7 - Heroines
from Part II - Heroes
Published online by Cambridge University Press: 05 August 2013
Summary
Women journalists feature in several chapters of this book, as investigative reporters, foreign and war correspondents, editors, tabloid hacks (or hackesses, if such a term exists), producers and media executives. By devoting an entire chapter at this point to the representation of women in journalism, I have no desire to separate them off from the more general issues I am concerned with, or to ghettoise them. Such a chapter is justified simply because women themselves – as practitioners, scholarly observers and consumers of journalism – have for a long time discussed the place of their sex in the news media, often critically. Women present a distinct category of movie journalist who, if not necessarily or always heroic, are generally accepted to have been stereotyped and marginalised in the history of cinema.

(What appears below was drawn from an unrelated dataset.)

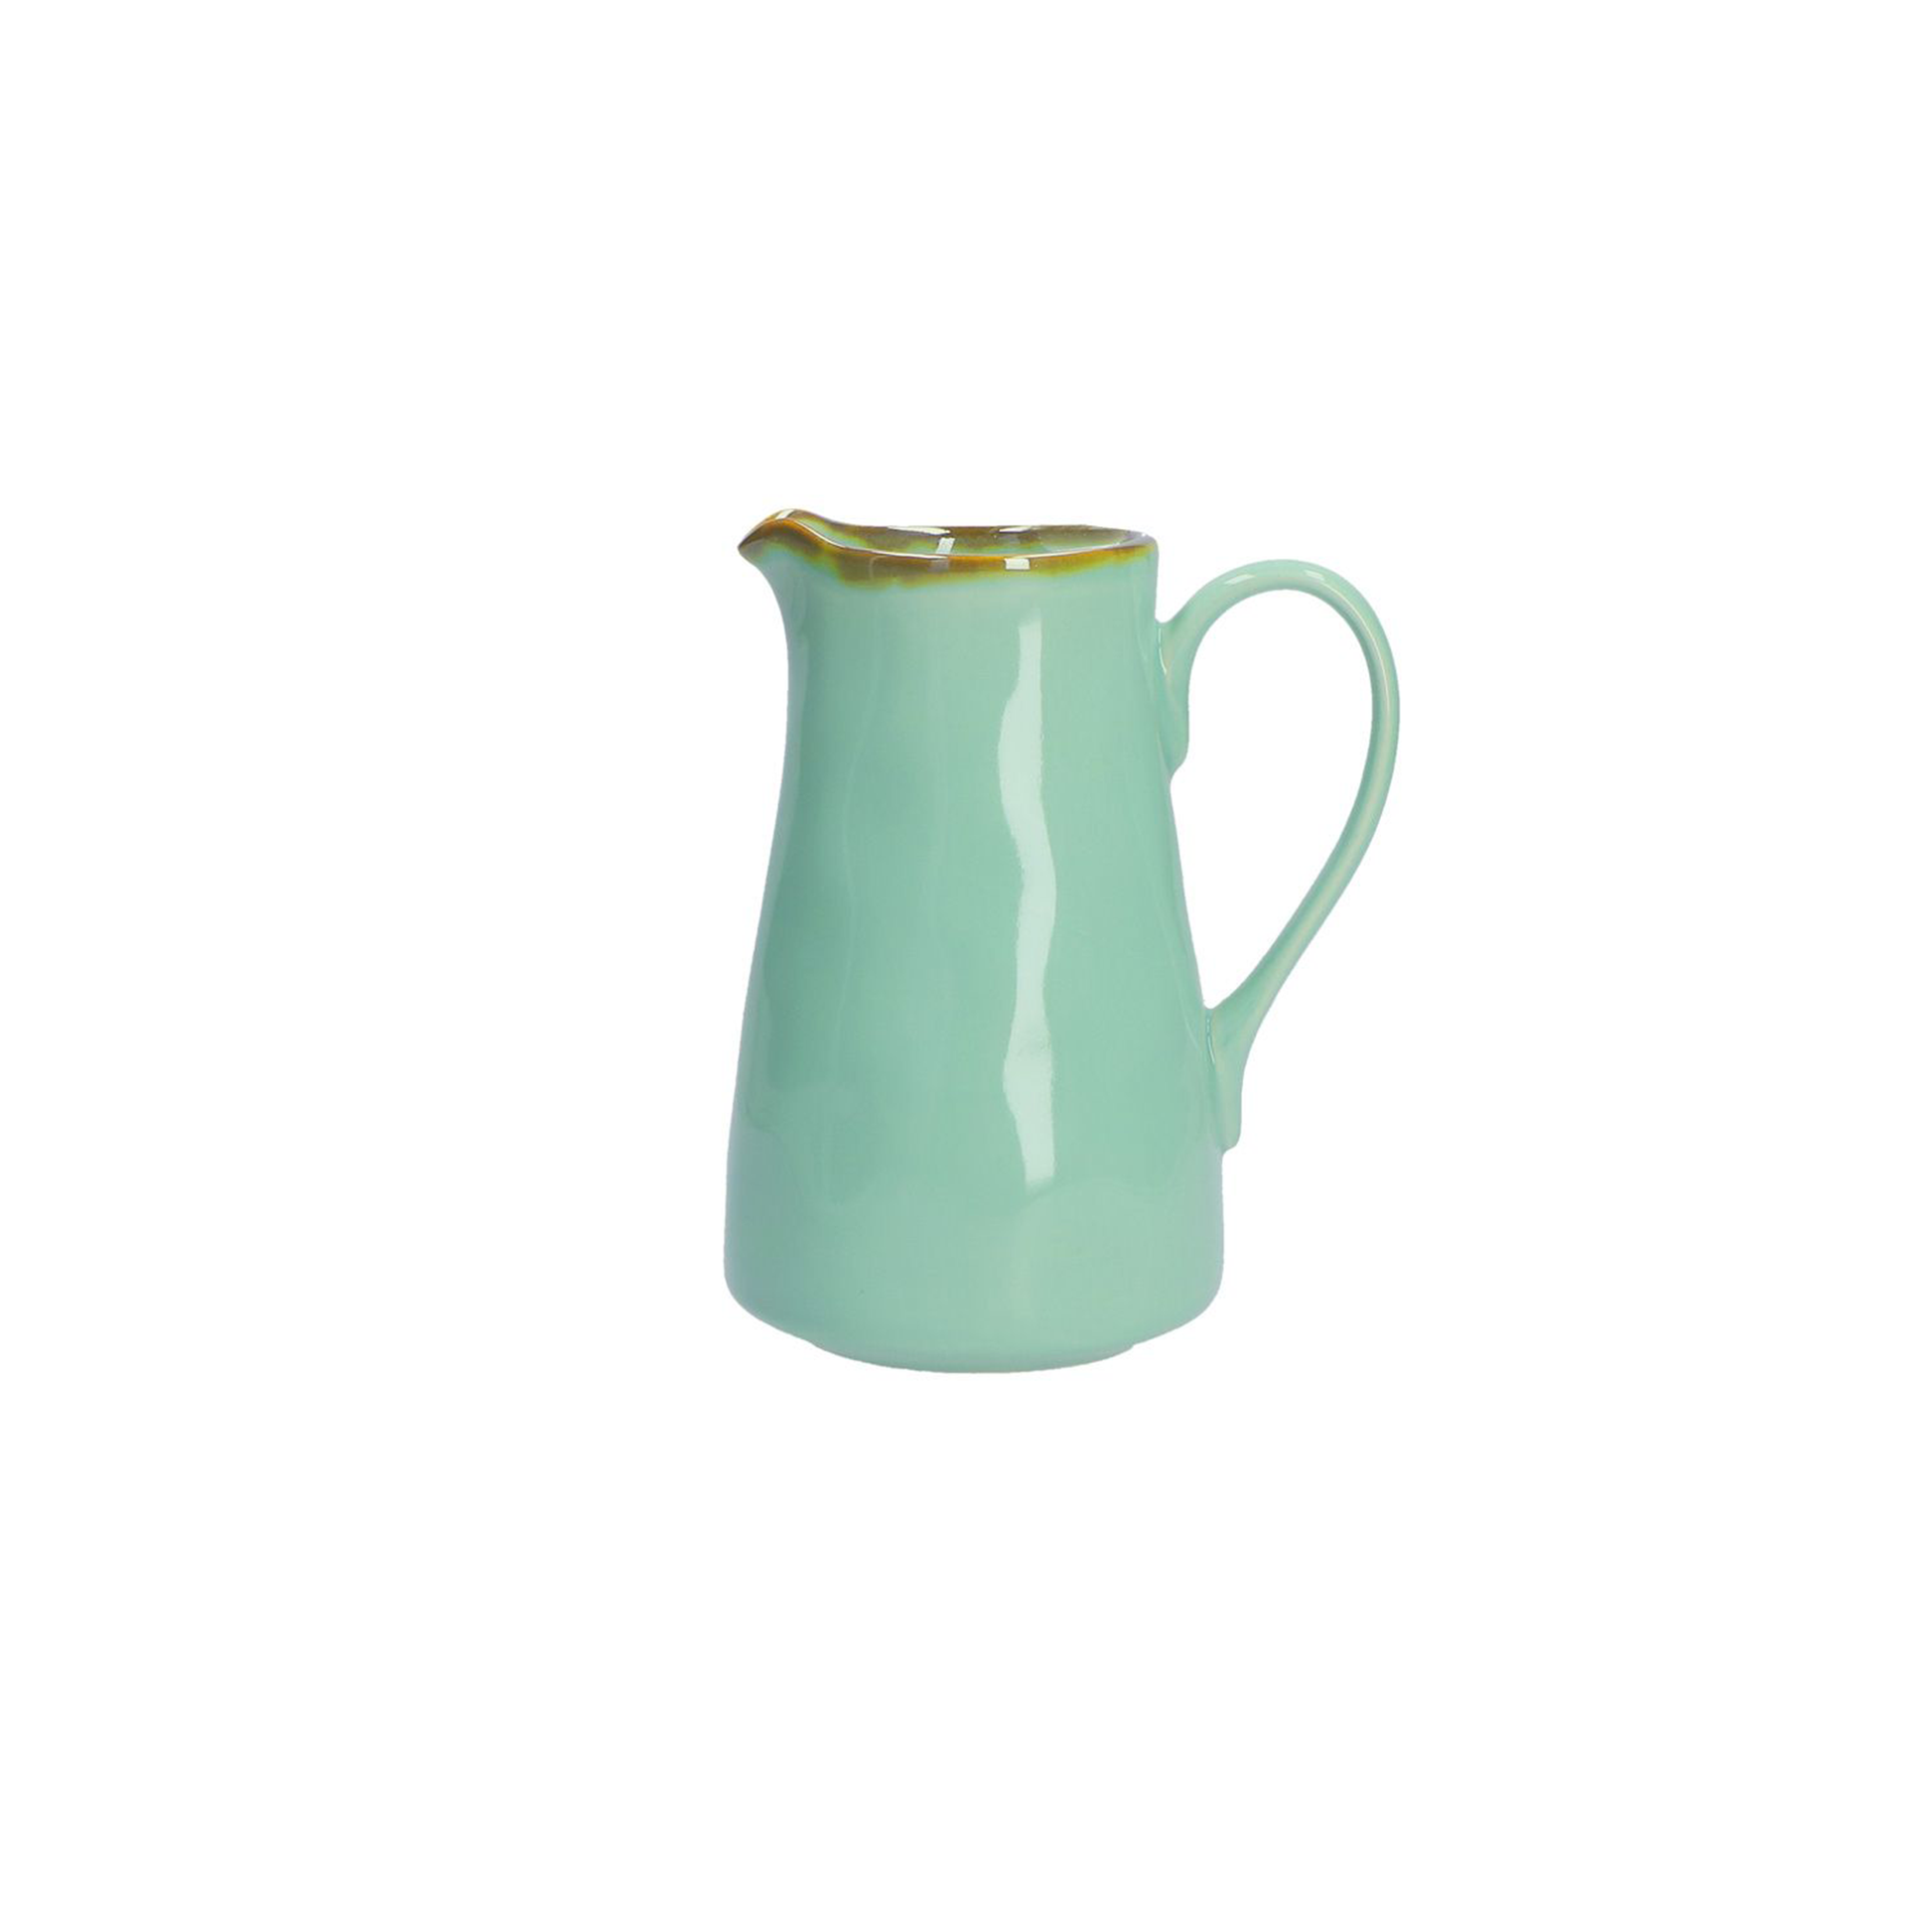 a tiffany green glazed jug

One consequence of women's improved socio-economic status within advanced capitalism is that women are more often represented in the media in ways which reflect feminist ideas about sexual equality in the workplace, in the domestic environment, in the bedroom, in the culture. From the post-feminist perspective of the times in which we live, moreover, cultural producers (male and female) can also acknowledge without being accused of sexism the capacity of women, shared with men, for badness and villainy. I will consider villainous images of female journalists in this chapter, within an examination of how their representation has become at one and the same time more numerous, more diverse and, I will argue, more positive.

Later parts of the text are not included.